All of us are well cultured I'm sure as it concerns racial disparities as well as inclusionary measures, the latter here stretching as far as dating too of course otherwise you would have felt it uncomfortable to even talk about on the forum.

Comfortability here purely depends on the amount of exposure every individual brain has had to the acceptance of racial differences all the way up to dating and you're spot on in your approach as it concerns determining what cultures have greater/less comfort here. 

If you were to try and date a woman that was a part of a small primitive tribe we both know that your odds are significantly less compared to if you were to try in a city where the views there are more multicultural. However, let's take a woman that looked the opposite to you that loved you and was from this multicultural city environment. If either of you were to go to an environment where either the people were exclusively of her ethnicity or of your ethnicity plus that group you were a part of placed subtle shame on your mate choice, even if you stayed together because you both recovered fairly easily as you both had a self awareness about what was happening, you'd still feel the primitive social wiring that took thousands of years to develop bearing down on you both to follow the groups underlying impressions. We needed the group back then, they needed us and because we weren't all geniuses, we needed these primitive evolutionary social responses.
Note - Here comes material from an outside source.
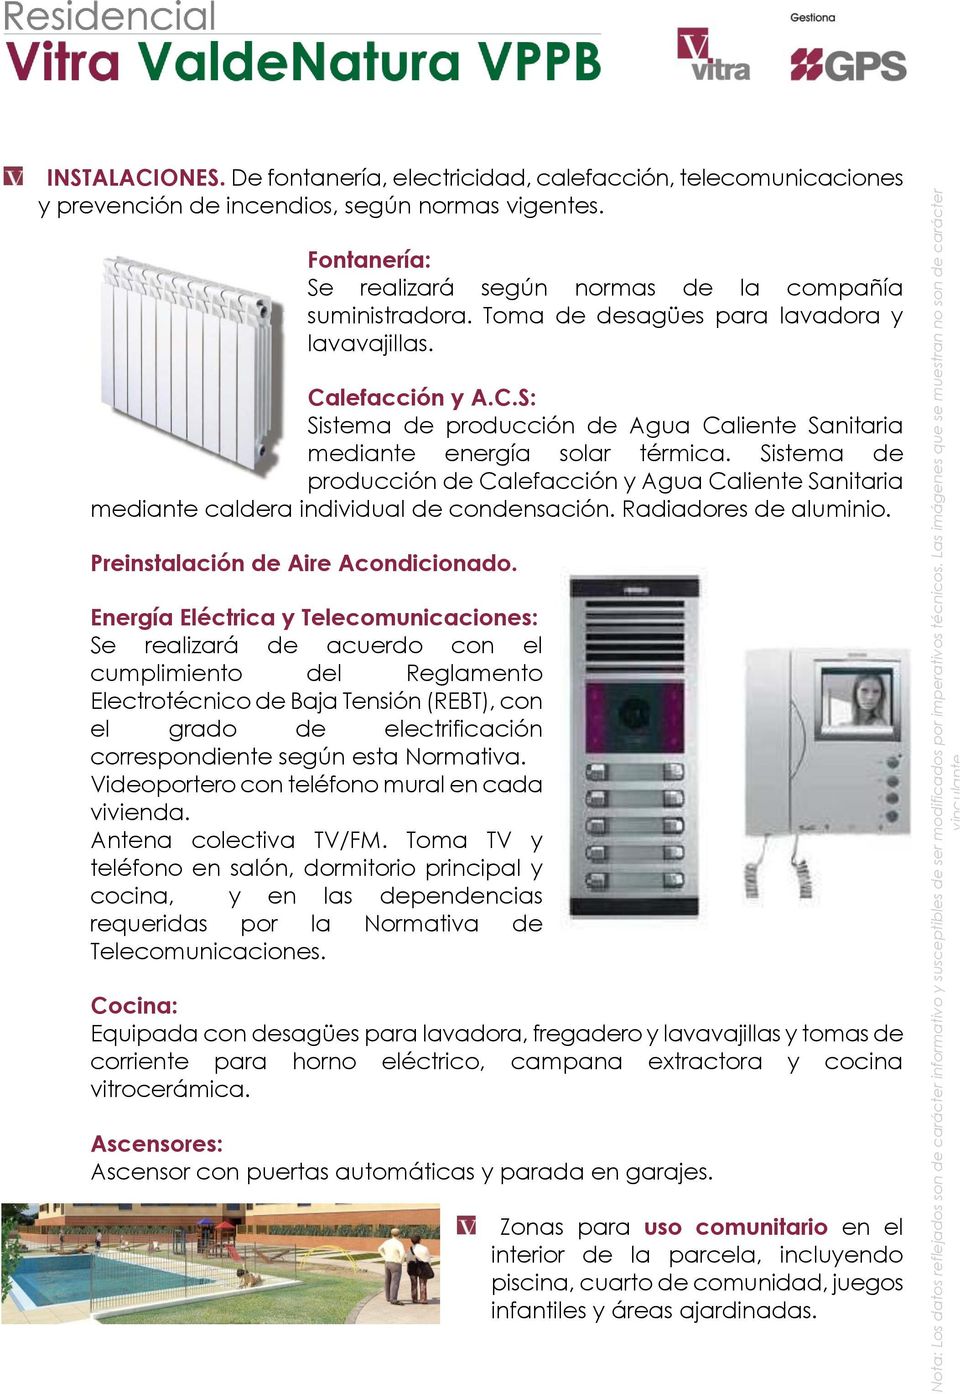 Sistema de producción de Calefacción y Agua Caliente Sanitaria mediante caldera individual de condensación. Radiadores de aluminio. Preinstalación de Aire Acondicionado.

So its of course a natural consequence of our social wiring, we can't help it but to feel the urge to be idiots when it comes to ostracising versus acceptance when there's a collective Mexican wave on someone, whether this is on perceptual racial differences all the way up to financial differences.

I believe you know this though.

The city offers a perceptual cocktail that people have to get used to and so the more blacks we see with whites the more it becomes readily accepted to peoples subconscious wiring, the more conflict we see between whites and blacks though the more black and white couples will feel that social pressure. This example can be applied analogously to all racial contrasts, the less social conflict surrounding the issue because this cultural dissonance is analogous to the tribal group dissonance (as our brains can't tell the difference even though the culture isn't really a tribe its just because we watch the televisions, computer screens and read the papers, etc that we get indoctrinated into that belief - government an't our tribe) the more at ease the couple or more (i.e. polyamory) will feel socially at ease. Historically, it has tended to matter more for women.

Norms create the brains comfort level, they're analogous to our daily habits we have to break or make, the relationships we could make or need to break based on some other norm/habit we should make/break because it serves our higher interest to do so.

As for what cultures, demographics and races would have more/less comfort, we'd have to have further insightful questions there to draw out decent discussion, for now, this will serve.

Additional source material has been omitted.